**RAW DATA**.
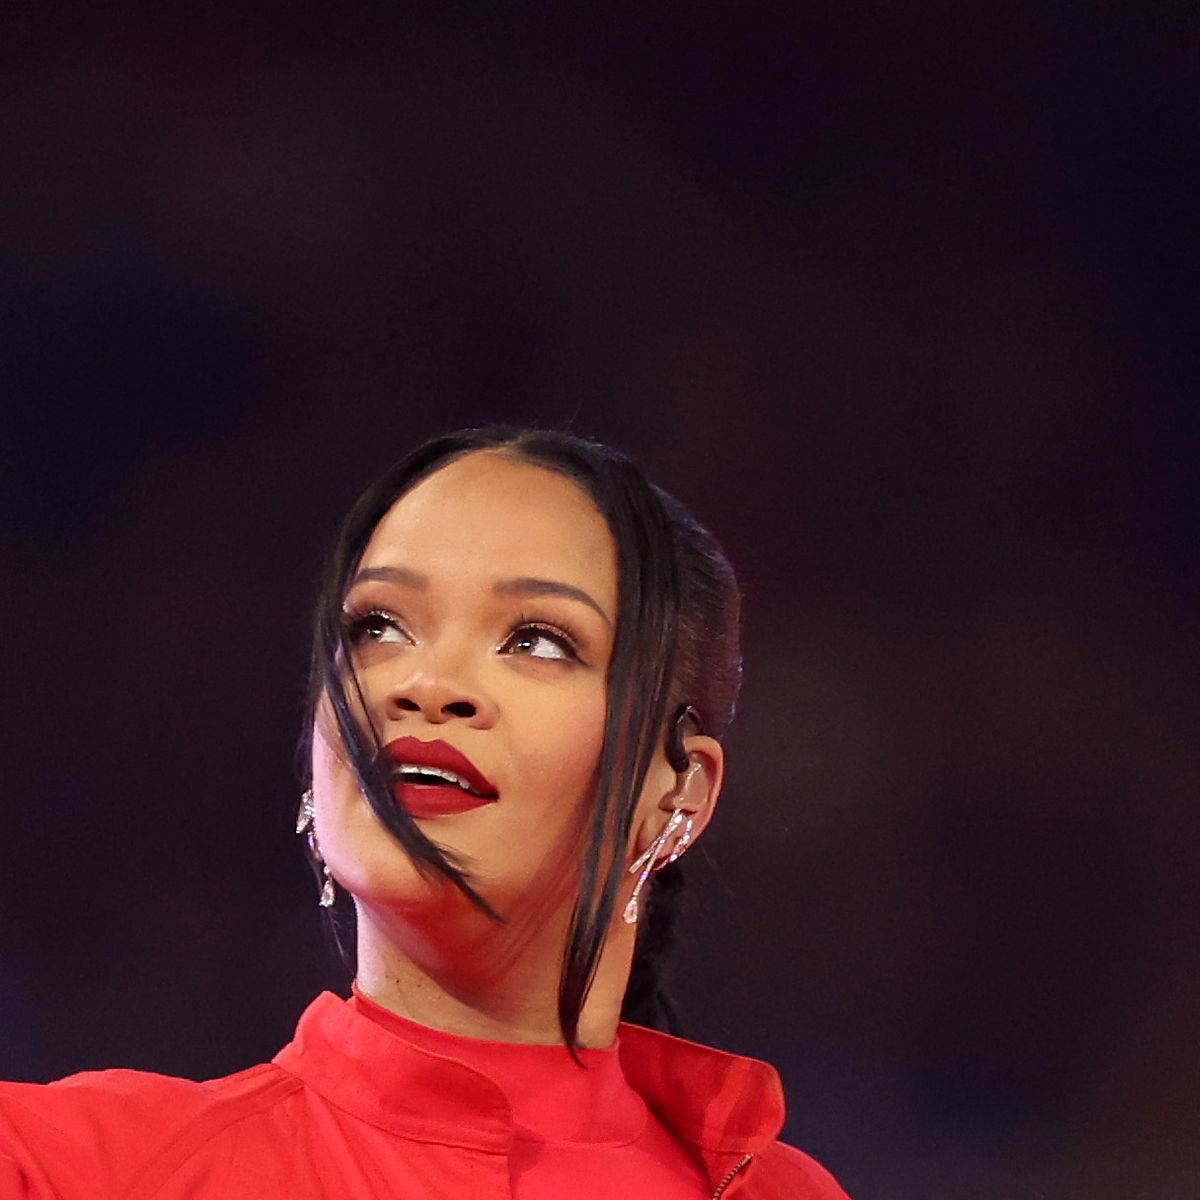 Rihanna's Fenty Beauty Foundation: What shades are available, cost
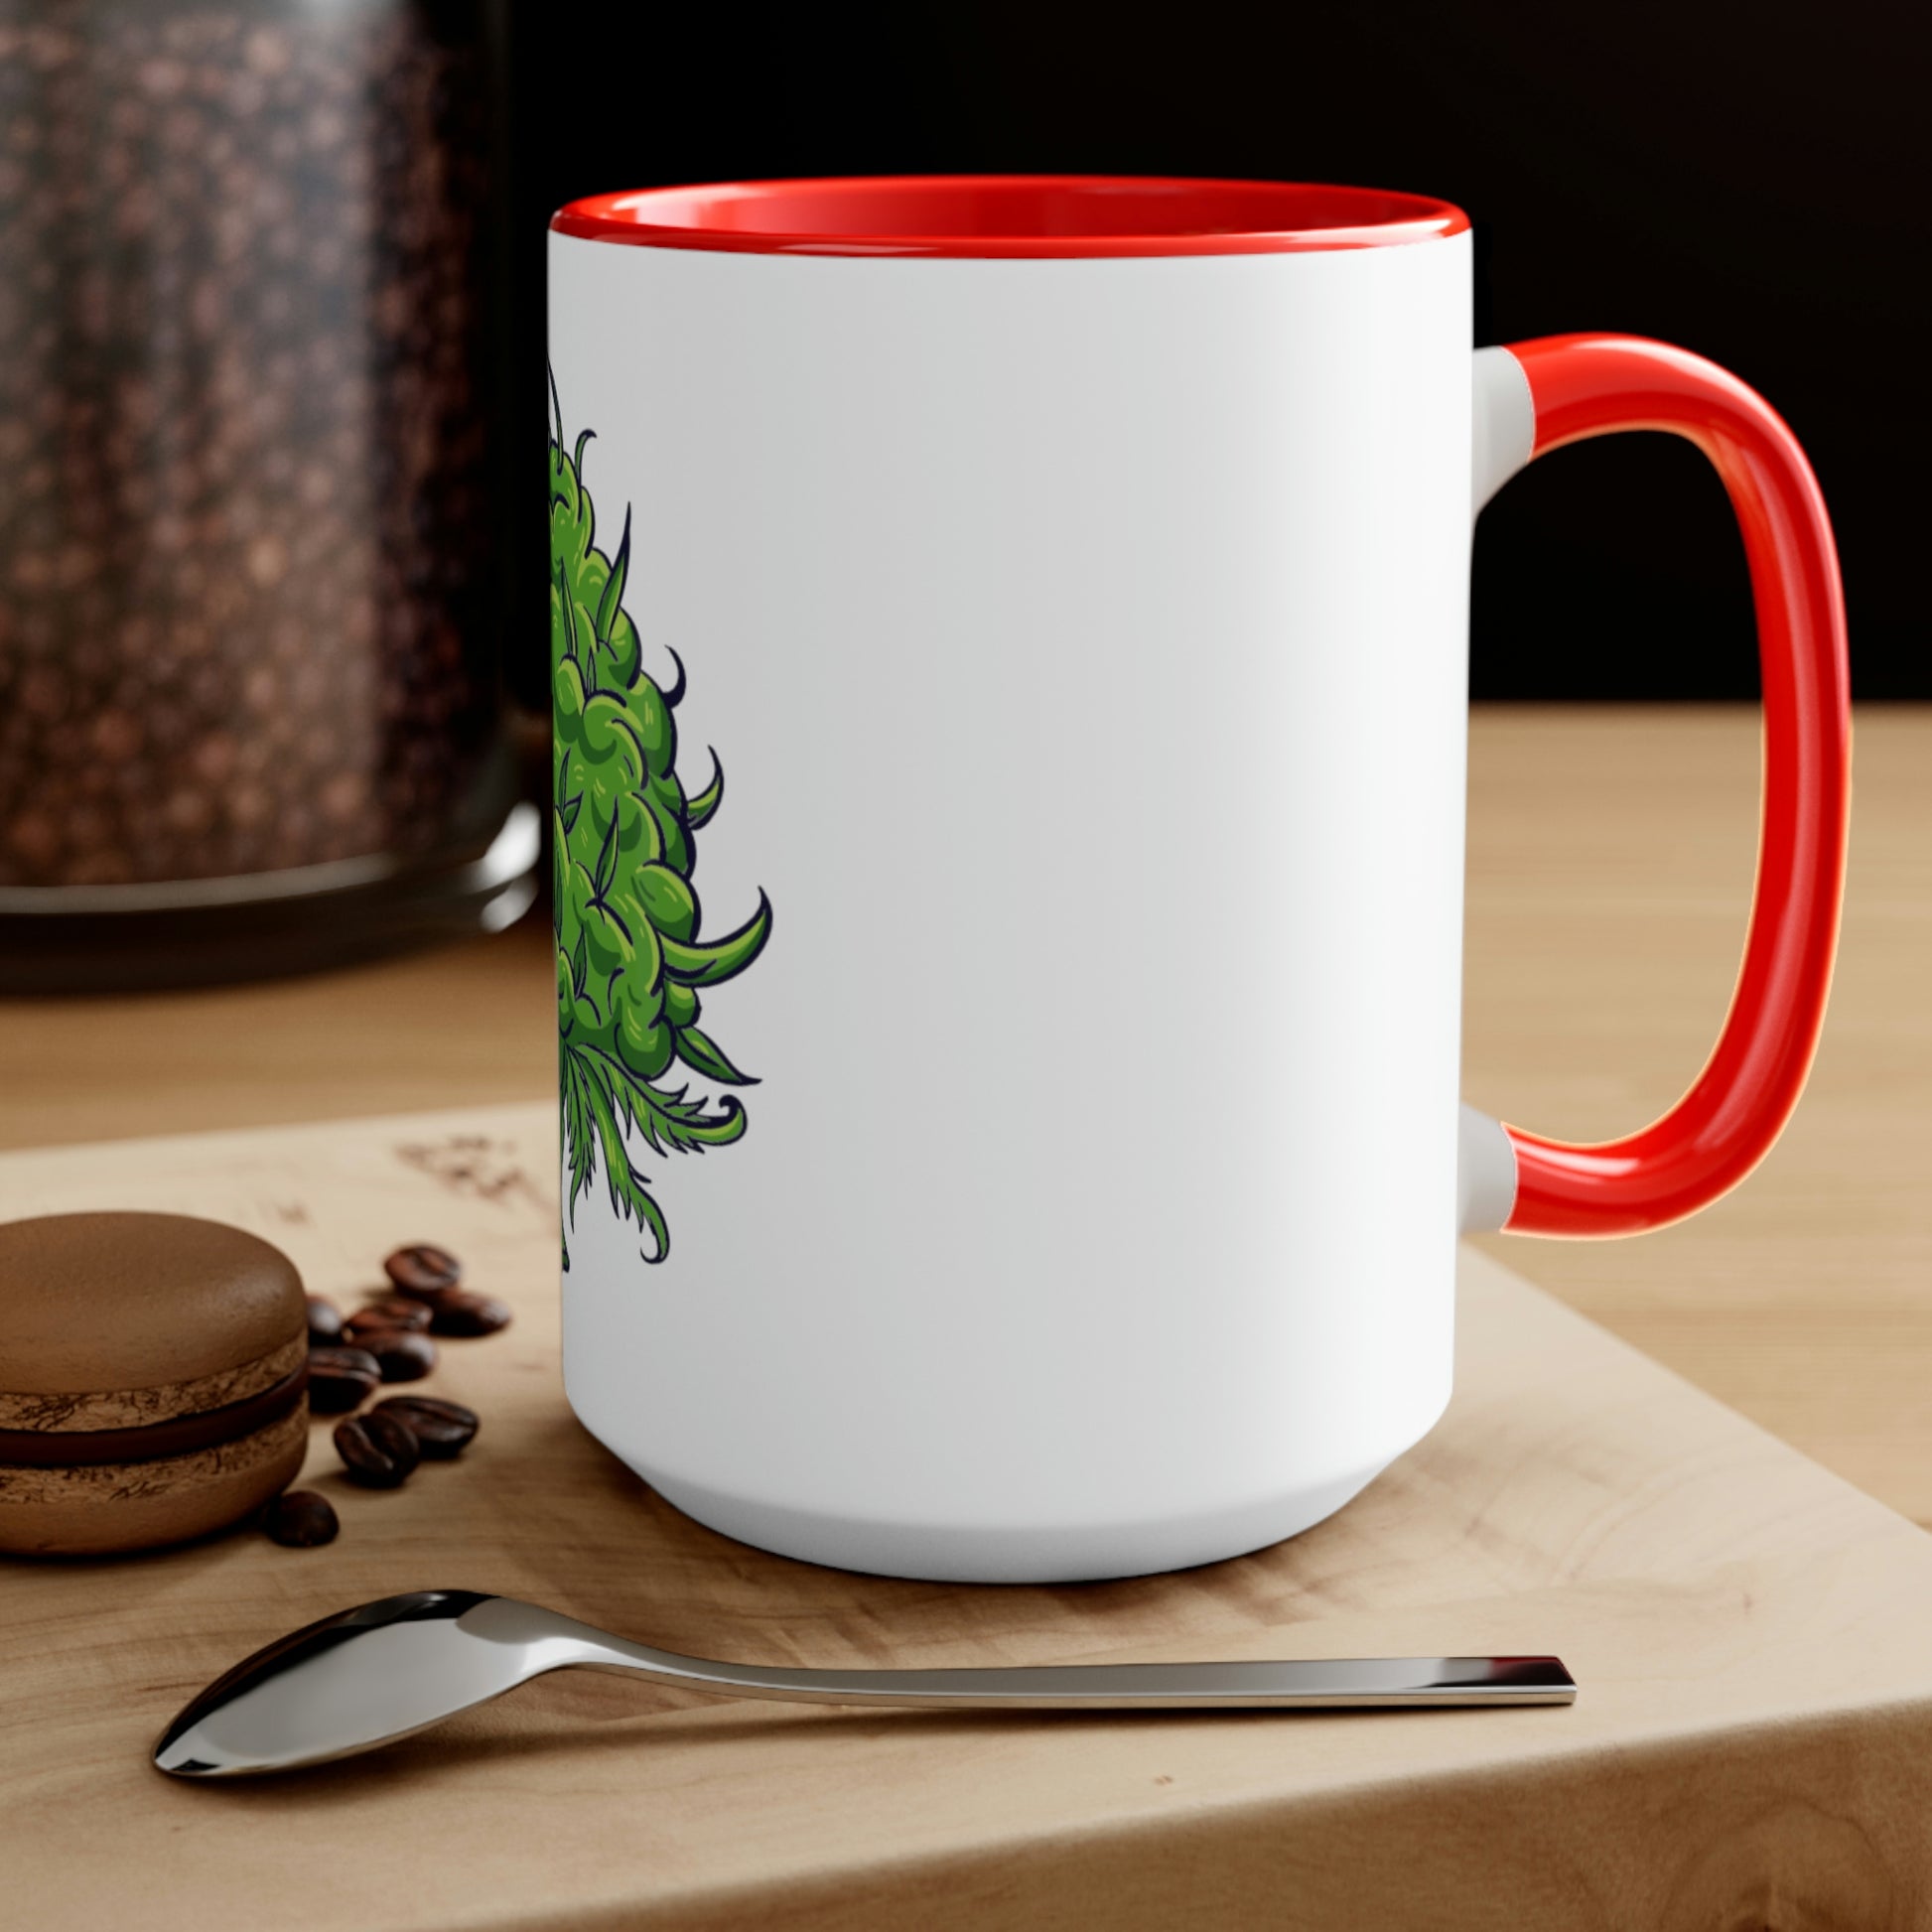 a Big Cannabis Nug Coffee Mug with a green monster on it.
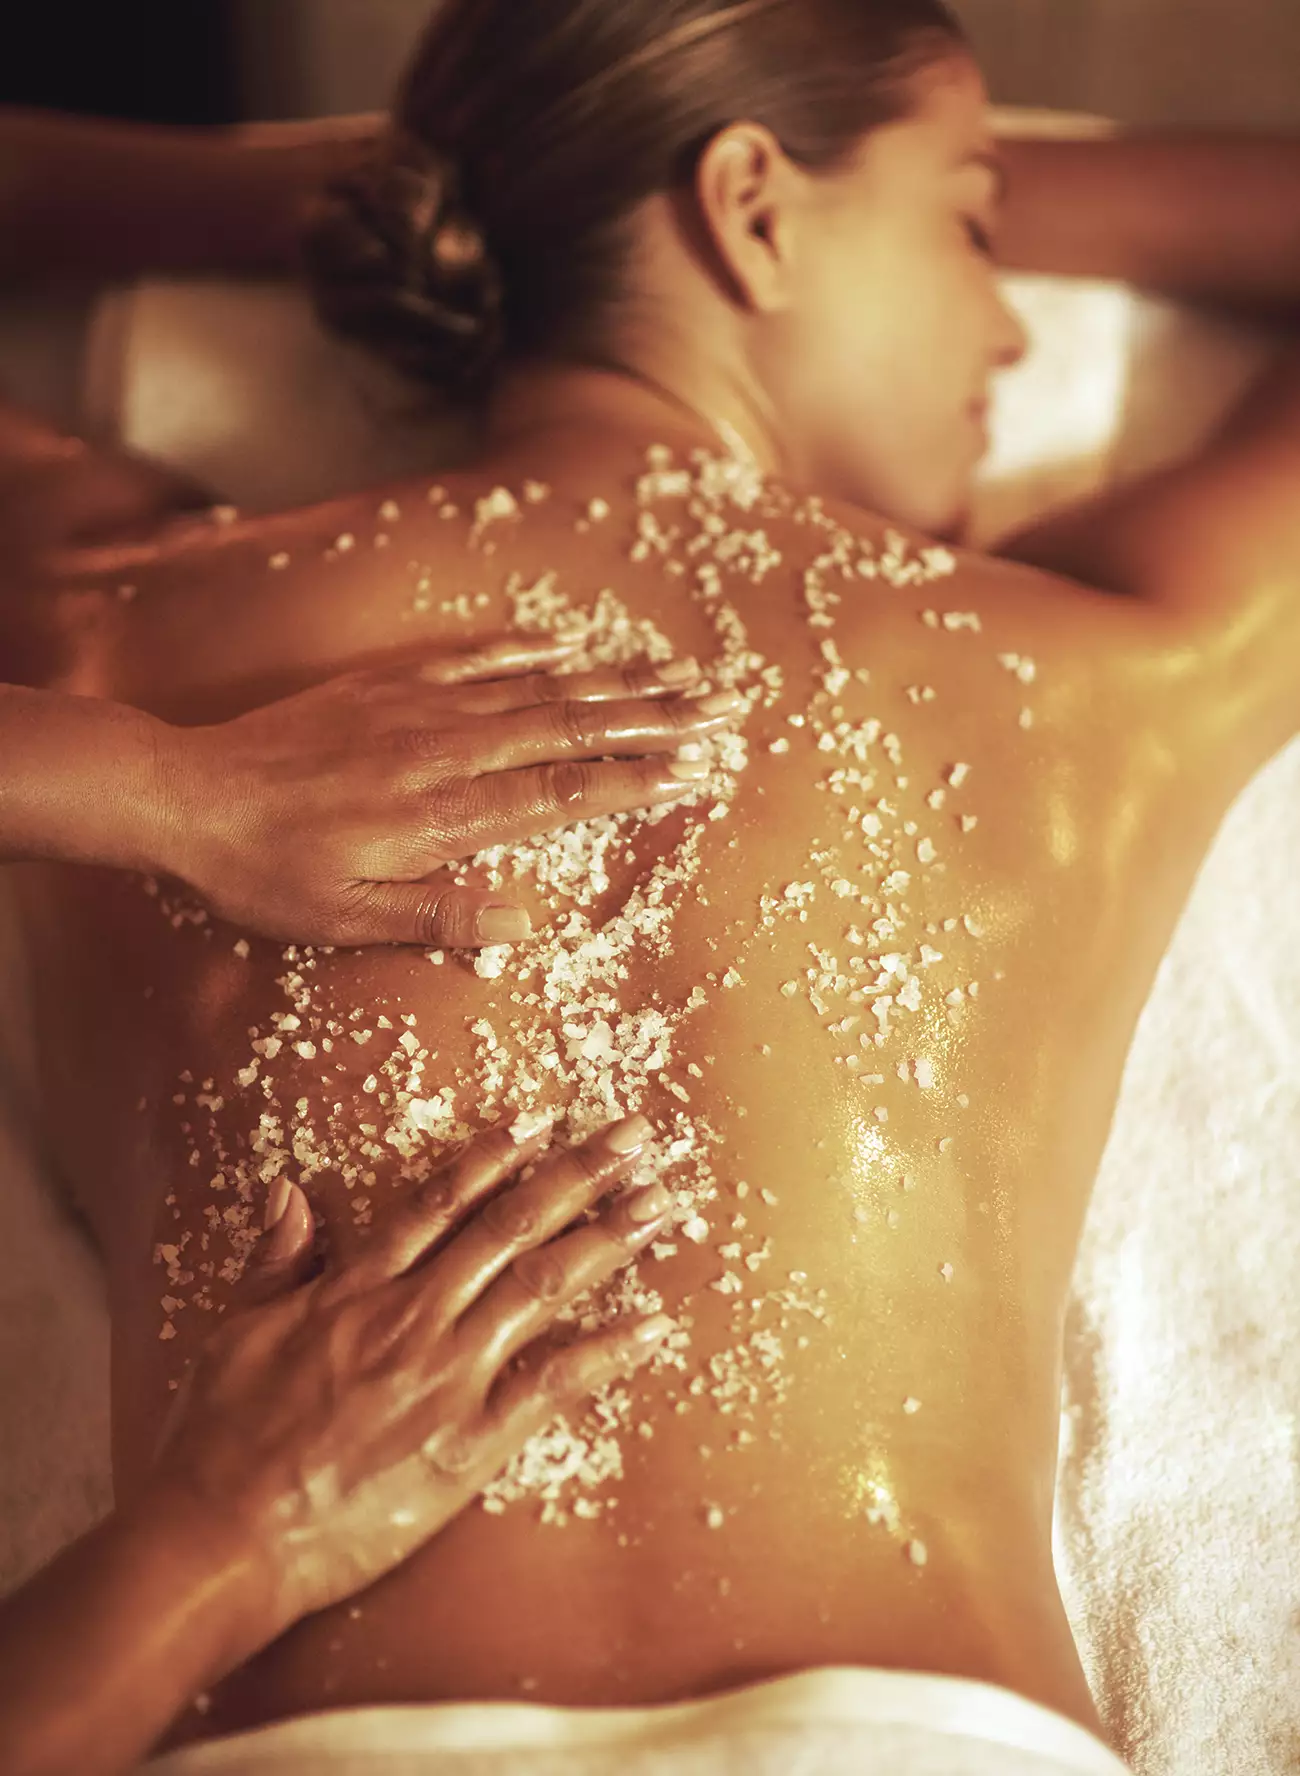 Salt exfoliation scrub massage on back
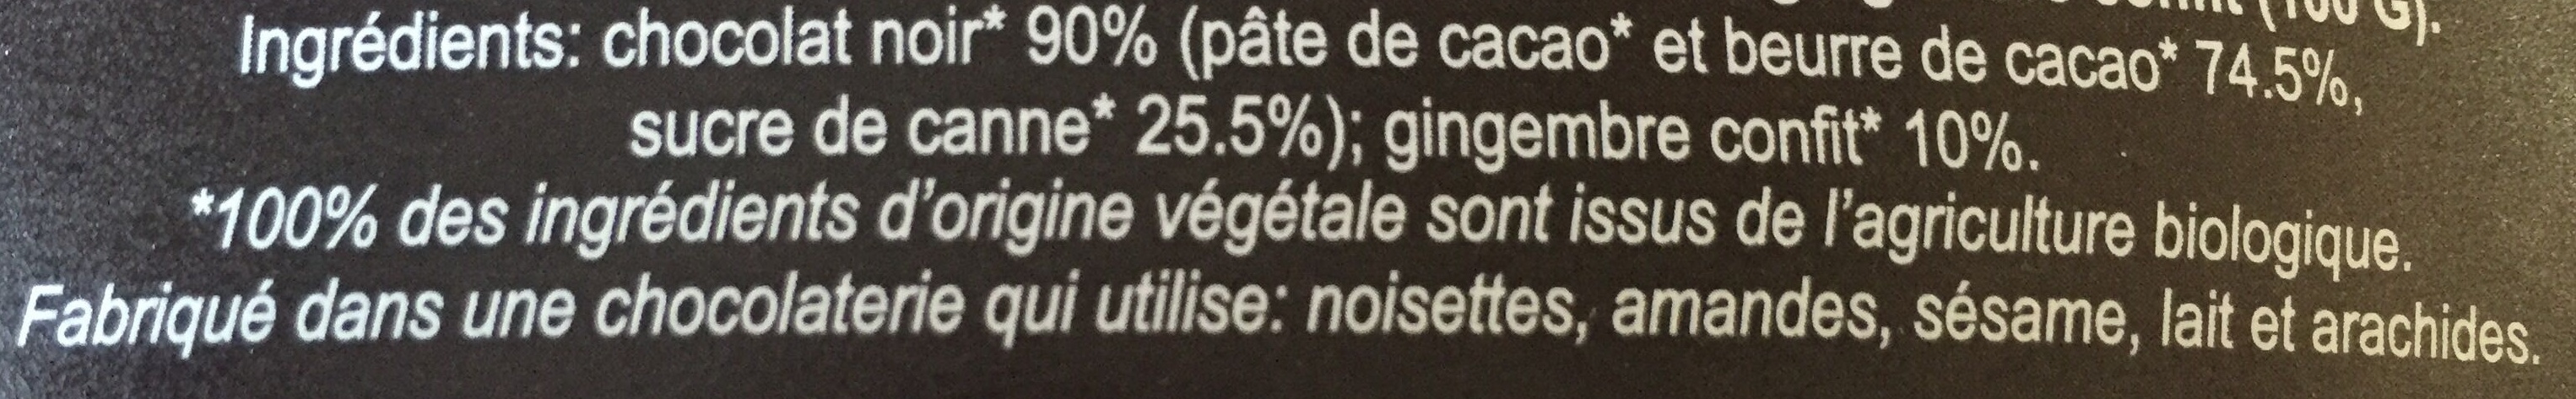 Chocolat 70% gingembre confit - Ingredients - fr

**EXERCISE BRIEF**. Would you please copy the material exactly, leaving all the pictures out?

**EXPECTED OUTPUT**.
 Rihanna's Fenty Beauty Foundation: What shades are available, cost
 a Big Cannabis Nug Coffee Mug with a green monster on it.
 Salt exfoliation scrub massage on back
 Chocolat 70% gingembre confit - Ingredients - fr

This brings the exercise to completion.